§ Exercise aim
The output is a word-for-word repeat of the listing below, free of images.

§ Raw data
##############################

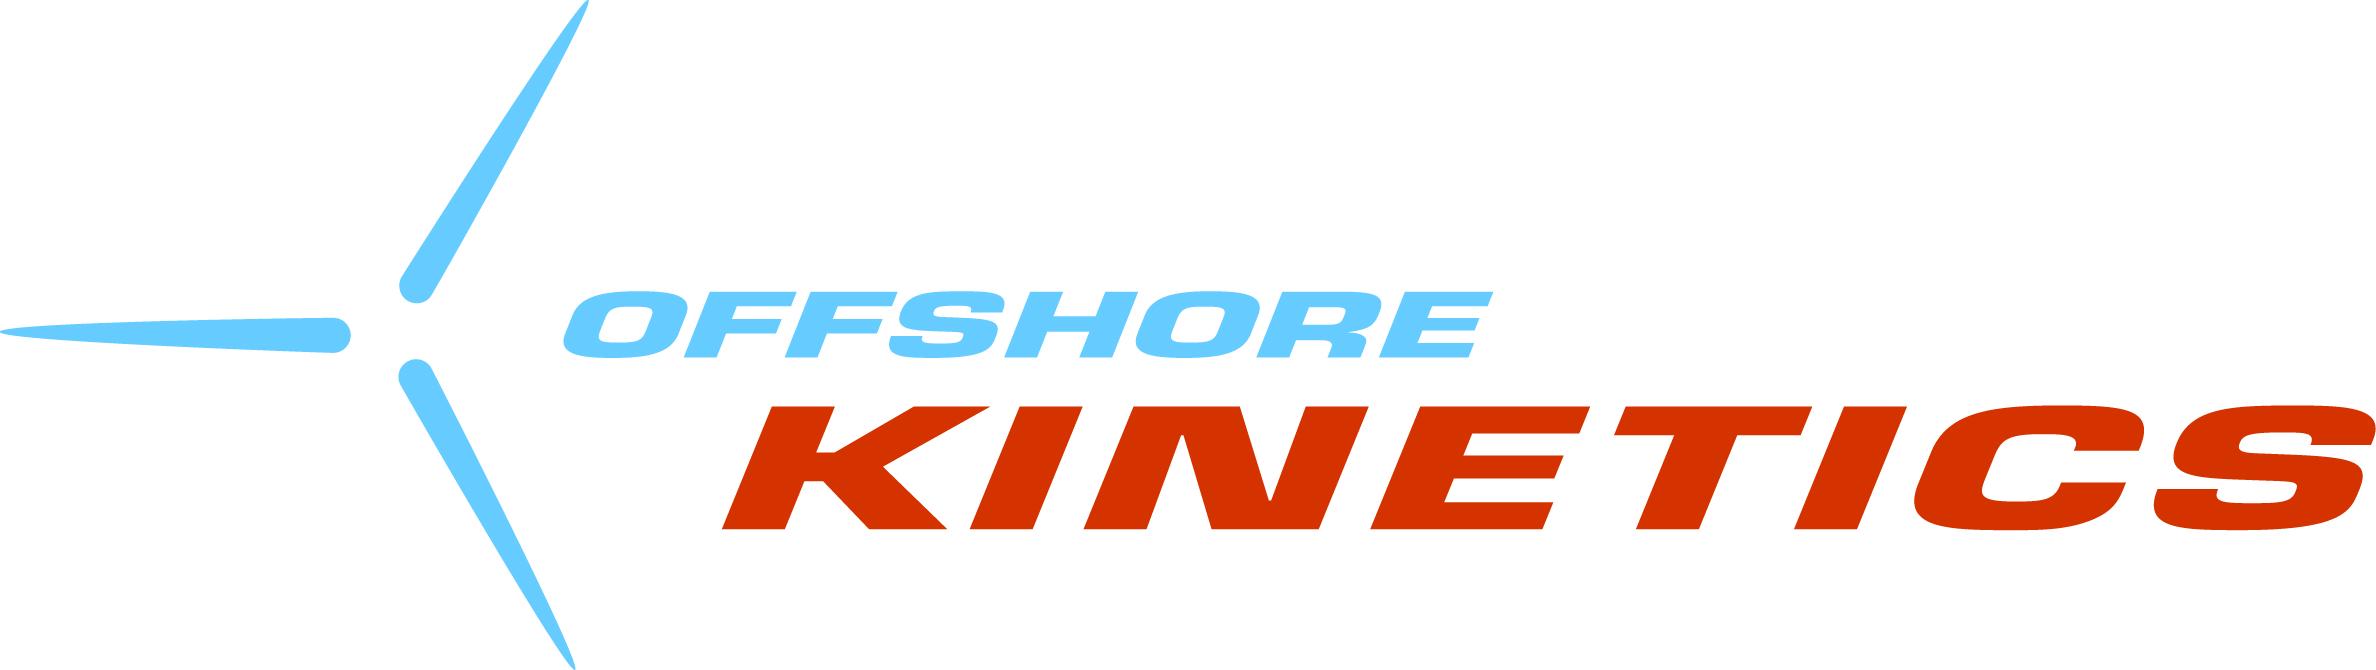 Offshore Kinetics
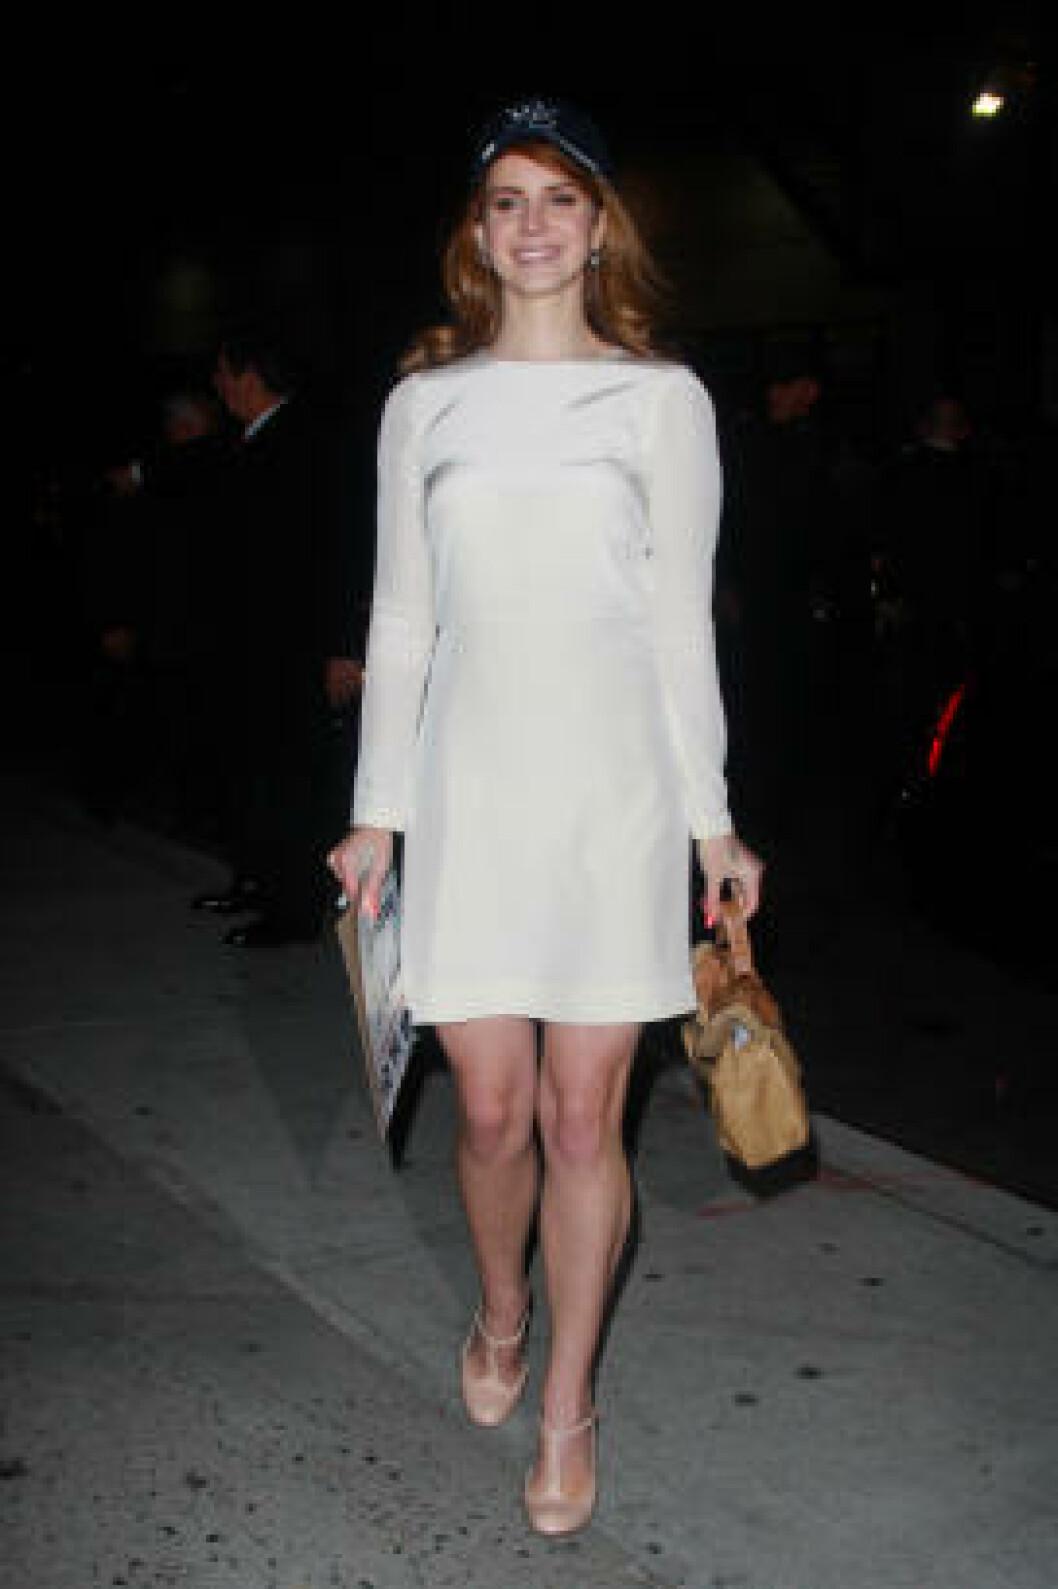 <strong>YNDLING:</strong> Lana Del Rey ble på kort tid en av både pop- og moteverdnenes yndlinger. Her er hun på «The Late Show» med David Letterman tidligere i år. Foto: Stella Pictures
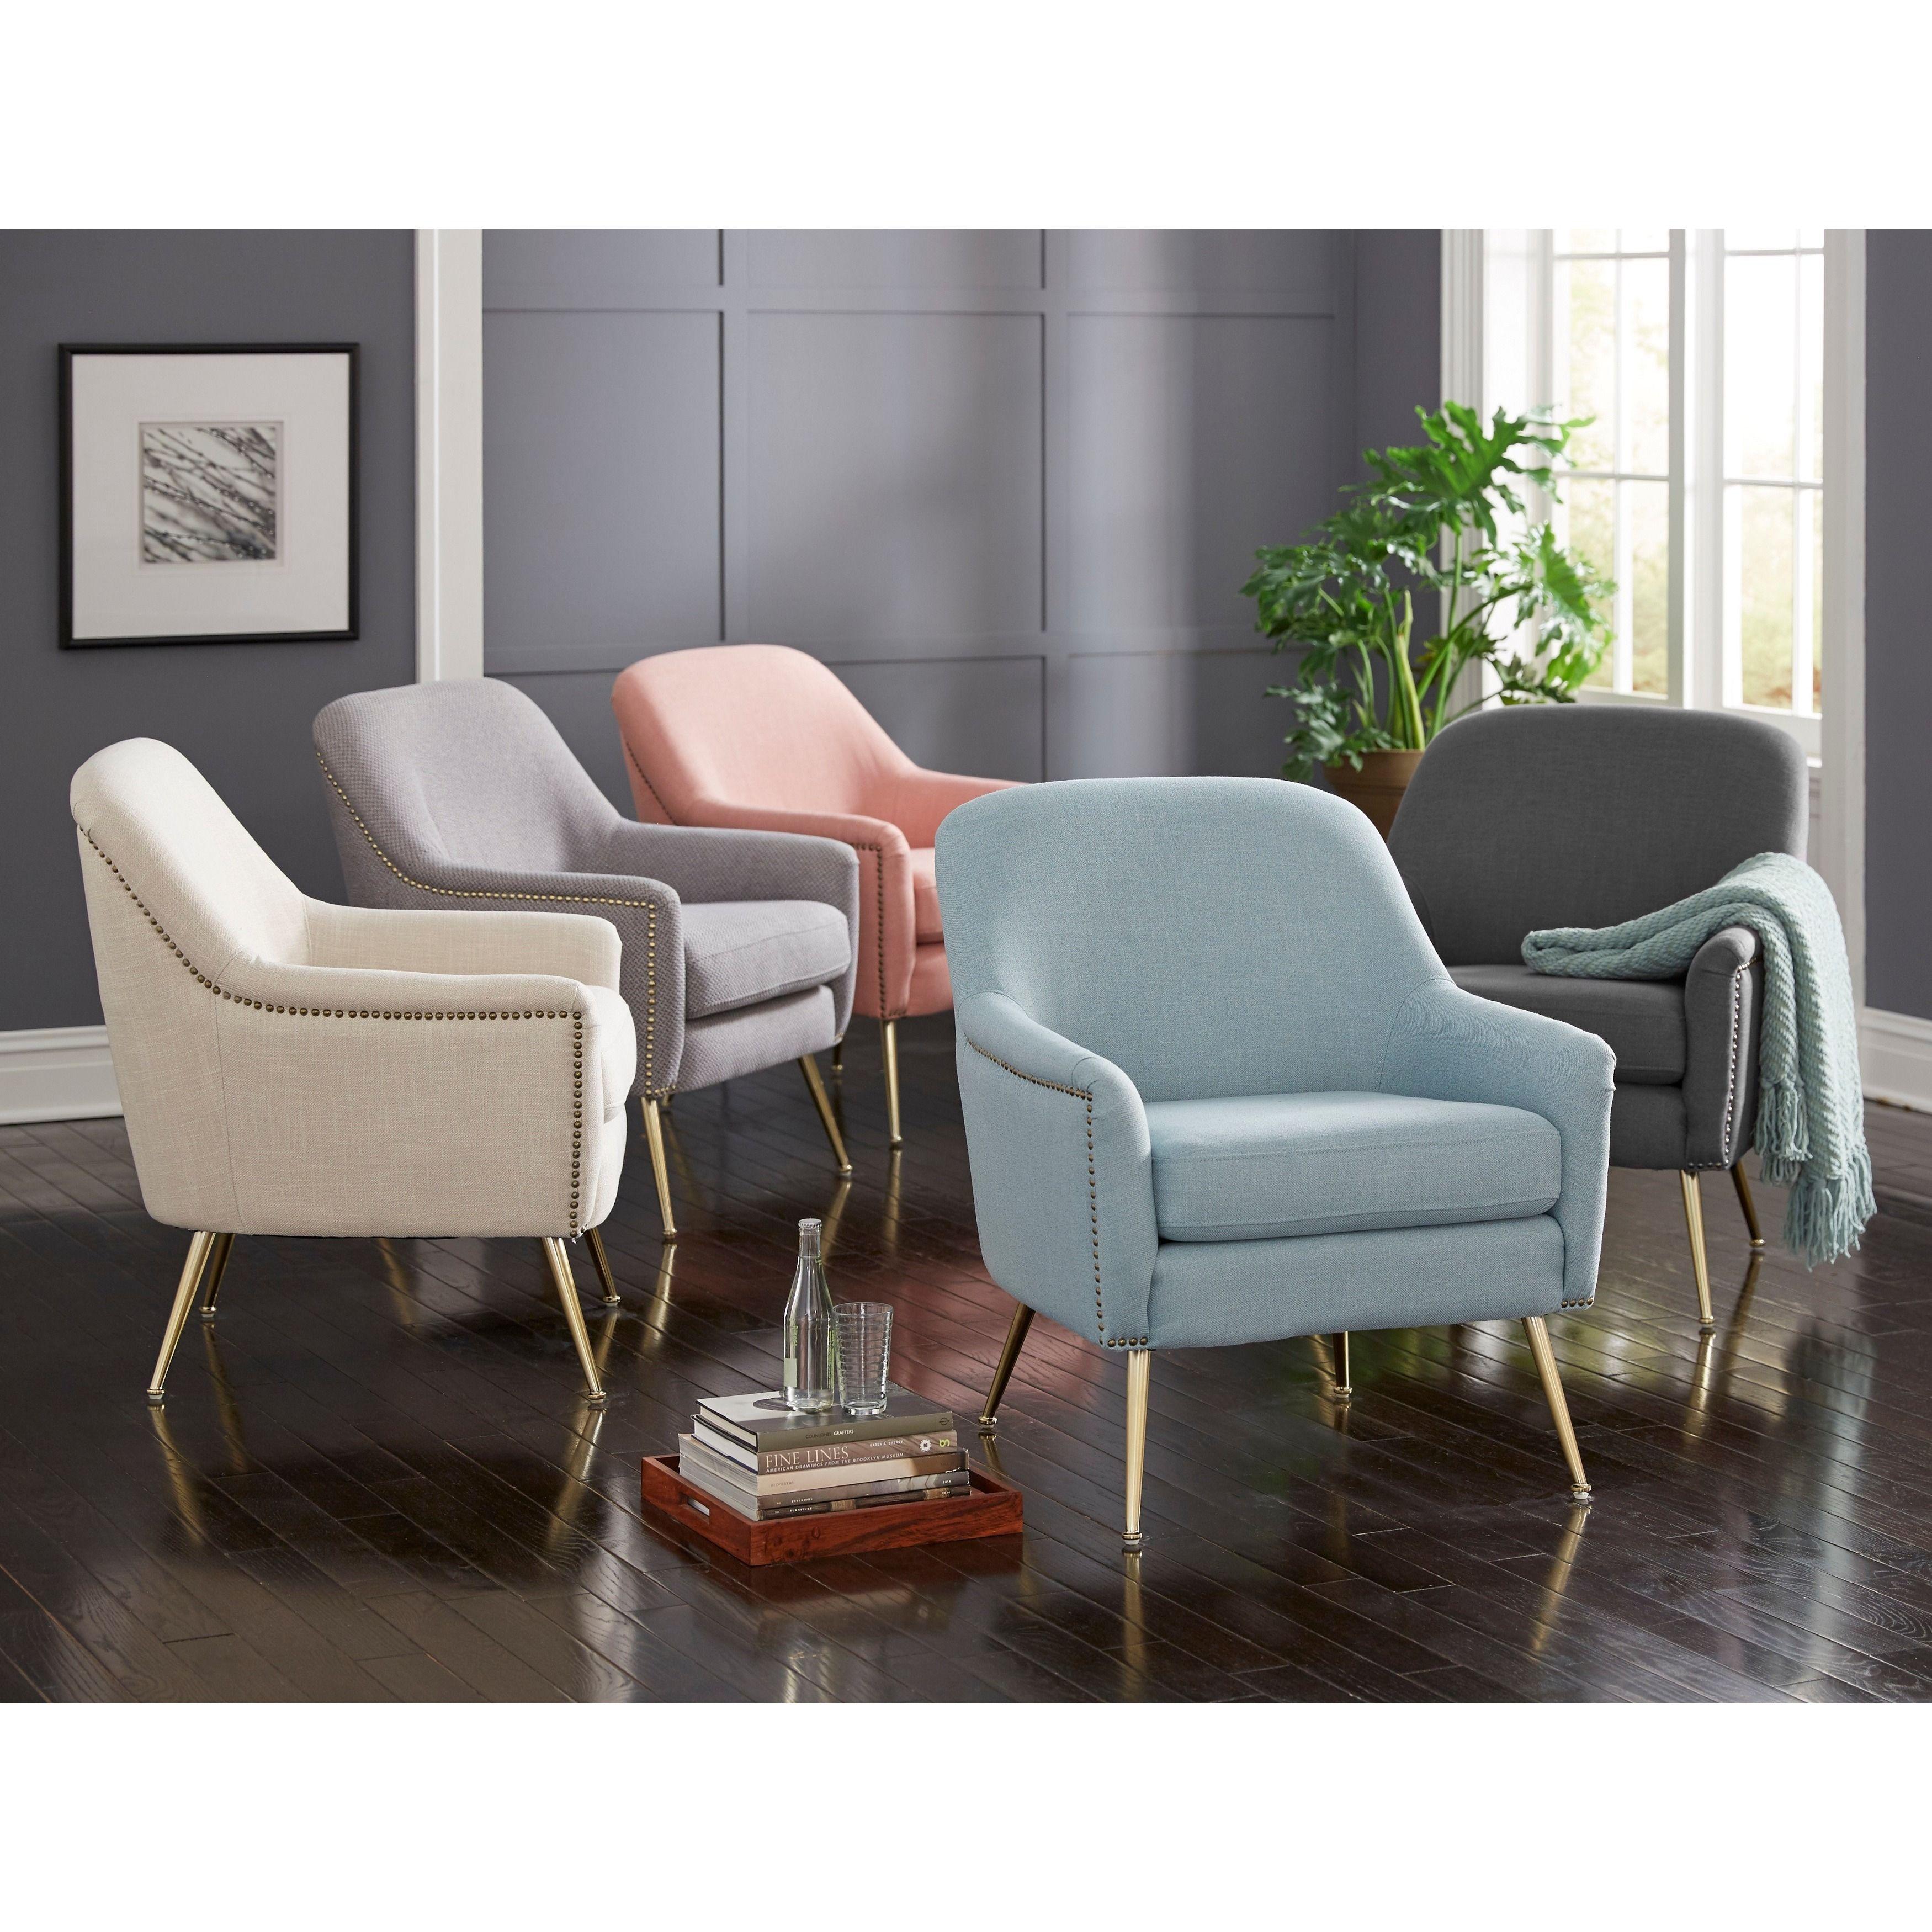 Pleasing Lifestorey Vita Accent Chair Blue Fabric In 2019 Machost Co Dining Chair Design Ideas Machostcouk

##############################

§ Solution to the problem
 Offshore Kinetics
 <strong>YNDLING:</strong> Lana Del Rey ble på kort tid en av både pop- og moteverdnenes yndlinger. Her er hun på «The Late Show» med David Letterman tidligere i år. Foto: Stella Pictures
 Pleasing Lifestorey Vita Accent Chair Blue Fabric In 2019 Machost Co Dining Chair Design Ideas Machostcouk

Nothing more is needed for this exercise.